Изготавливали они по особому заказу и старообрядческие расшитые шапочки с опушкой из норки для митрополитов Питирима8 и Зиновия, которые периодически служили на старообрядческих приходах в Москве и Грузии, когда своих святителей у старообрядцев не было. А сколько скрижалей для архиерейских мантий, сколько покровцов вышито с великим тщанием и вкусом их руками, посвятившими свой труд Богу и Православной Церкви!

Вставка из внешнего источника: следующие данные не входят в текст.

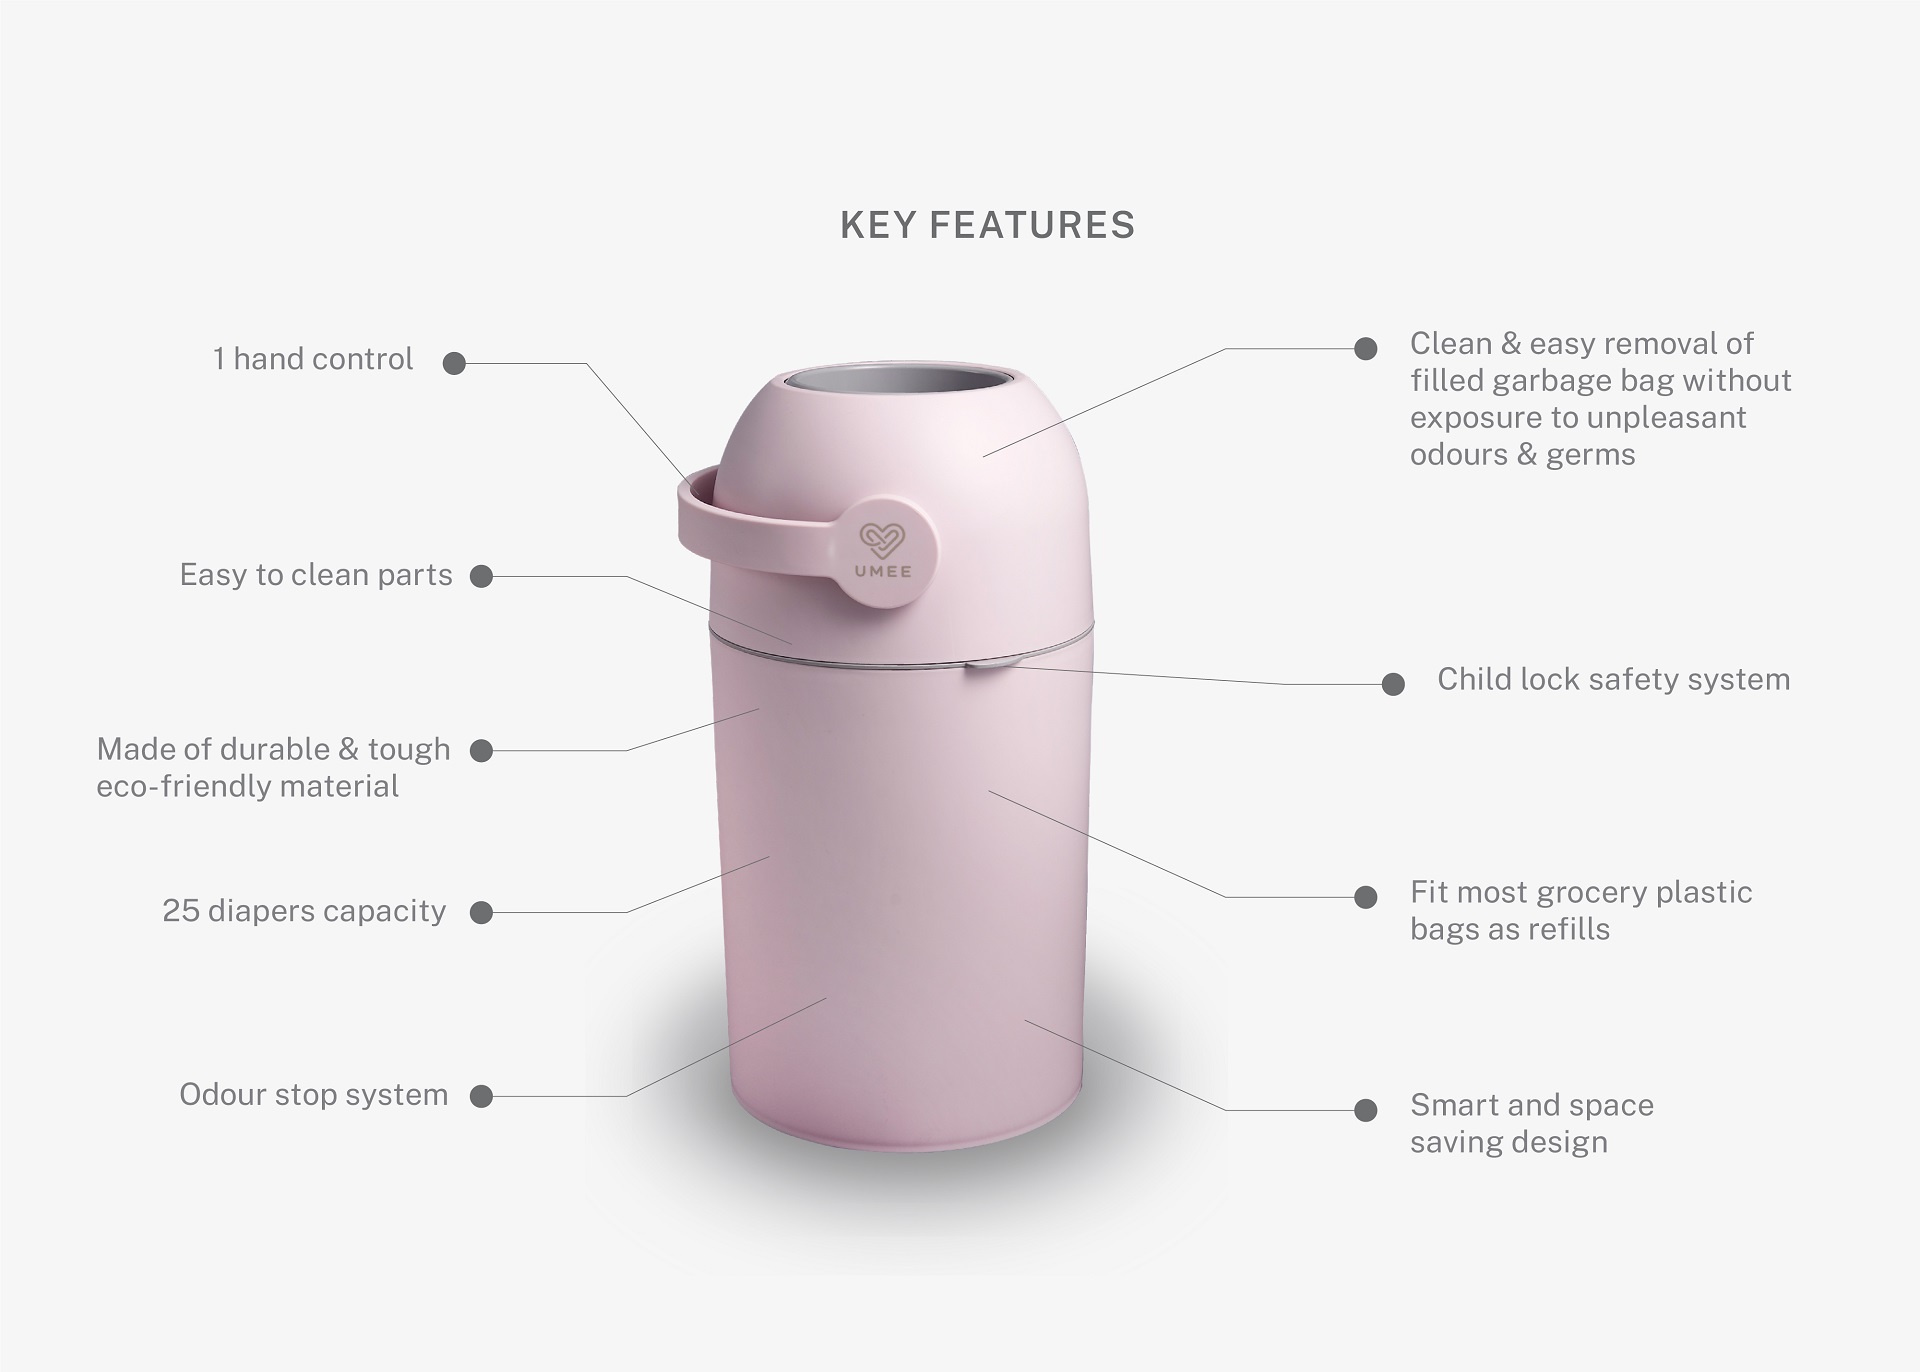 bh-website_NurseryProduct-page-Umee-Diaper-Pail_Aw02B_Key-Features.jpg

В последнее десятилетие века, в 1996 г., по благословению владыки Мефодия и стараниями настоятеля Вознесенского собора протоиерея Василия Романова открылась первая в области православная гимназия. В ней матушки Серафима и Ангелина целый год давали детям уроки рукоделия, посвящённые особенностям шитья облачений, изготовлению форматов для их отделки, искусству аппликации из парчи, техникам вышивки крестом, гобеленовым швом и гладью.
Все гимназисты — юные прихожане собора, а мальчики ещё и прислуживают в алтаре. Но все — и те, кто учился вышивке, и те, кто просто встречал пожилую схимницу в храме, — всякий раз, приходя на службу, будут духовно согреваться у излучающих свет, переливающихся разными цветами тёплых соборных икон. Собор для ельчан — место особое. Ведь в нём с детства прививается любовь к церковной красоте, которая пронизывает и освящает затем весь быт и уклад жизни русского человека, где бы он ни был, кем бы ни был по роду занятий.

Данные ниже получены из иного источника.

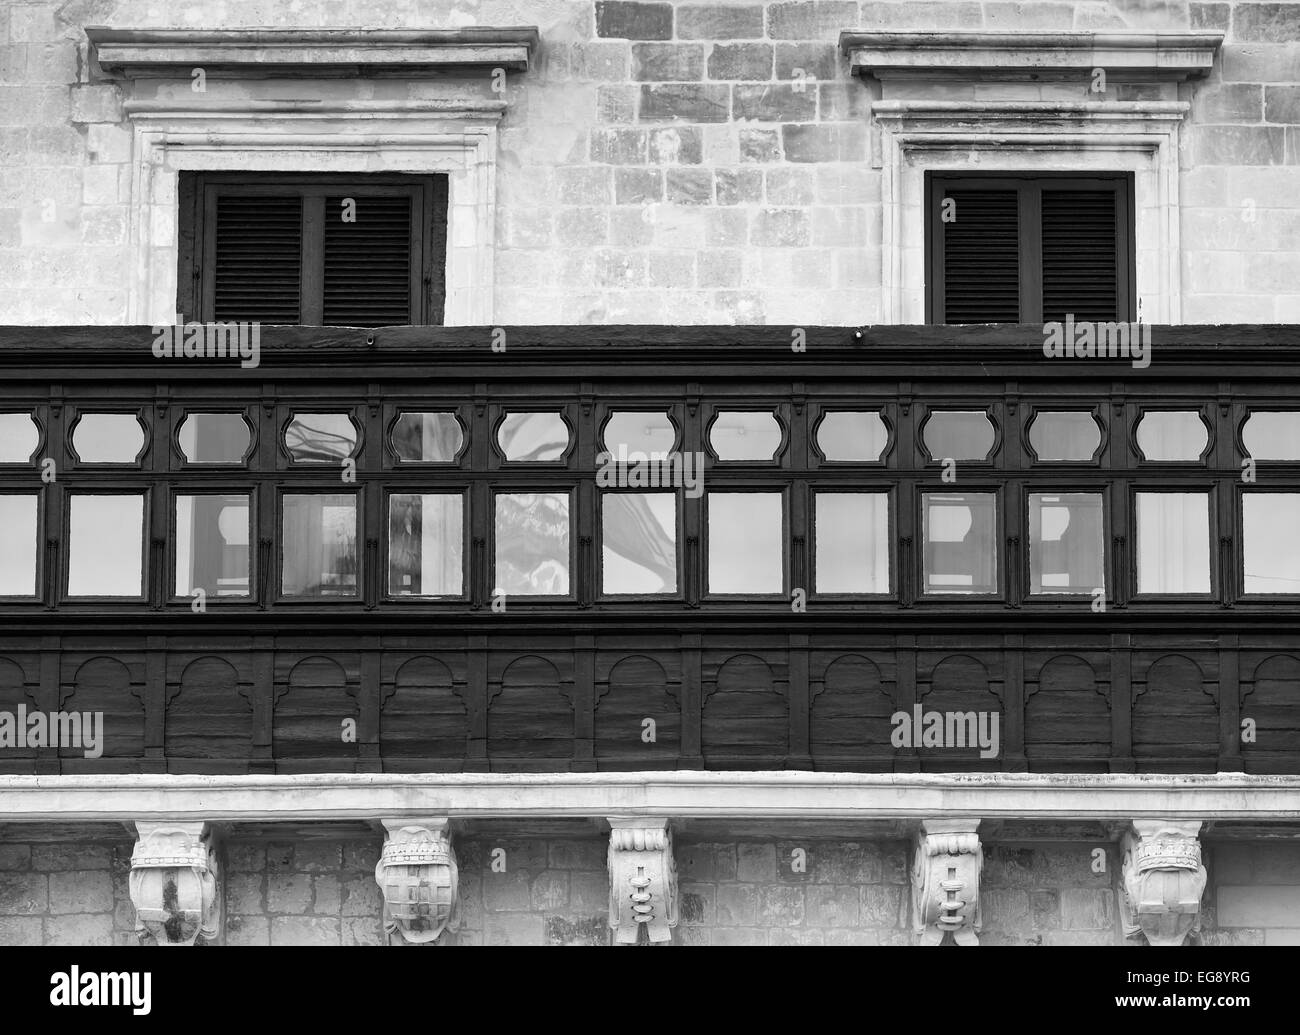 The wooden enclosed balcony of the Grandmaster's Palace in Valletta, Malta. Stock Photo

Церковная вышивка всегда требовала и требует огромного прилежания и тщания, большой внутренней сосредоточенности, чувства меры, любви, веры. Всё это с трудом даётся современному человеку, тем более ребёнку. Но добрые семена, заложенные матушками, наверняка взойдут и принесут благодатные плоды. То, что посеяно в детстве, запечатлевается особенно крепко. И будет у тех, кто в новом веке третьего тысячелетия от Рождества Христова придёт помолиться в дивный храм, светлое чувство узнавания прекрасного, родного и близкого. Наши дети вырастут и оценят шедевры церковного искусства, не заточённые в мёртвых пространствах холодных музейных залов и галерей, но дарящие радость и тепло заключённой в них любви всем приходящим в храм.

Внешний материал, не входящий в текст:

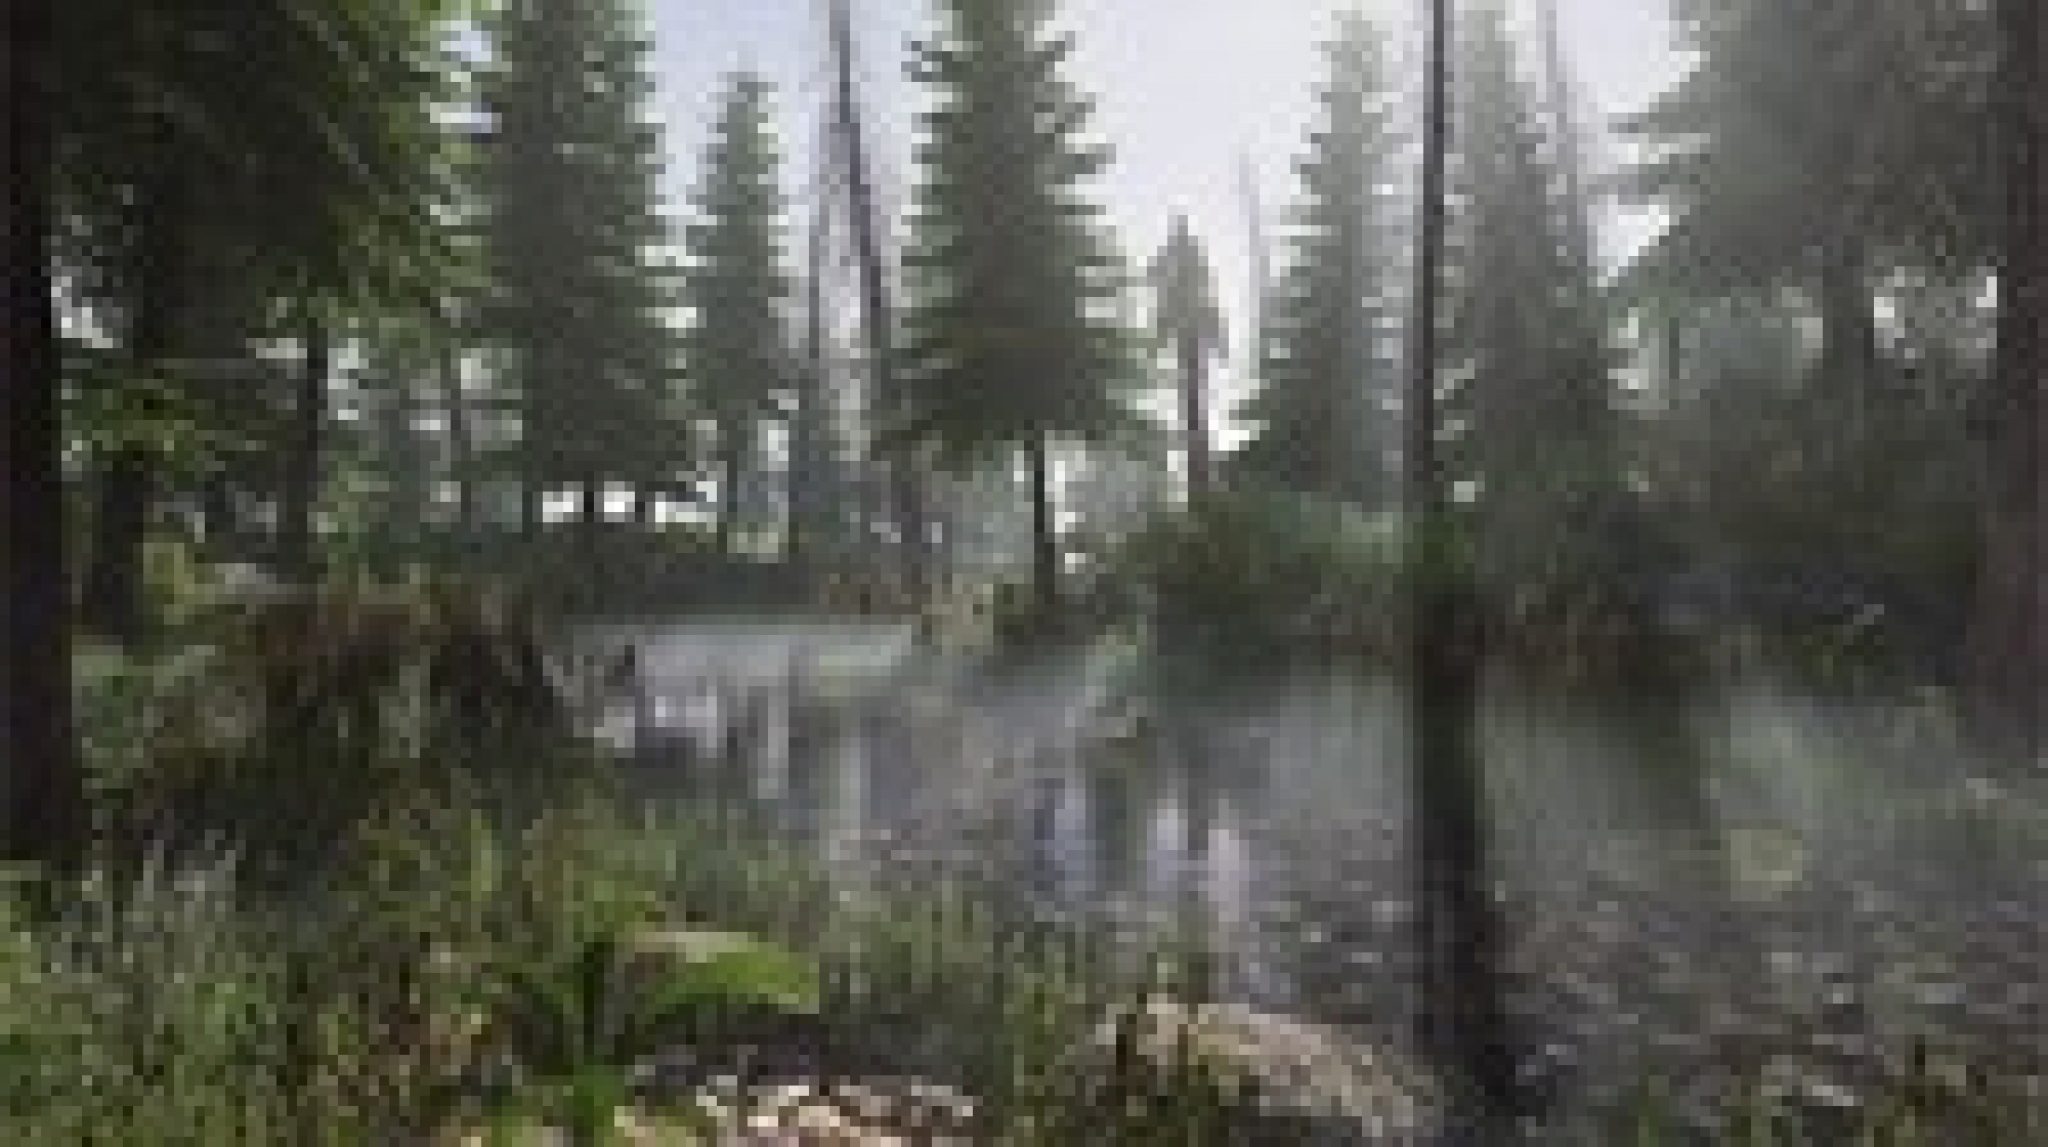 unreal engine 4 environment download free

А нам, завершая чтение этих кратких очерков, останется память. Сколько матушка Серафима сделала для церкви нашей! И вообще, сколько прекрасного она сделала за свою жизнь!
Вместо послесловия
Елецкие соборяне, чьи портреты представлены в этих кратких очерках, никогда не думали, что о них будут писать. Не мечтали они о подвигах и славе. Просто жили. Но их незаметная жизнь оказала сильнейшее влияние на развитие в ХХ в. духовной культуры на Липецкой земле. Их след, слова, поступки ещё слишком свежи в памяти живых. Надеемся, что эти очерки послужат подспорьем для будущих исследователей истории культуры нашего края, развития Воронежской и Борисоглебской и Липецкой и Елецкой епархий.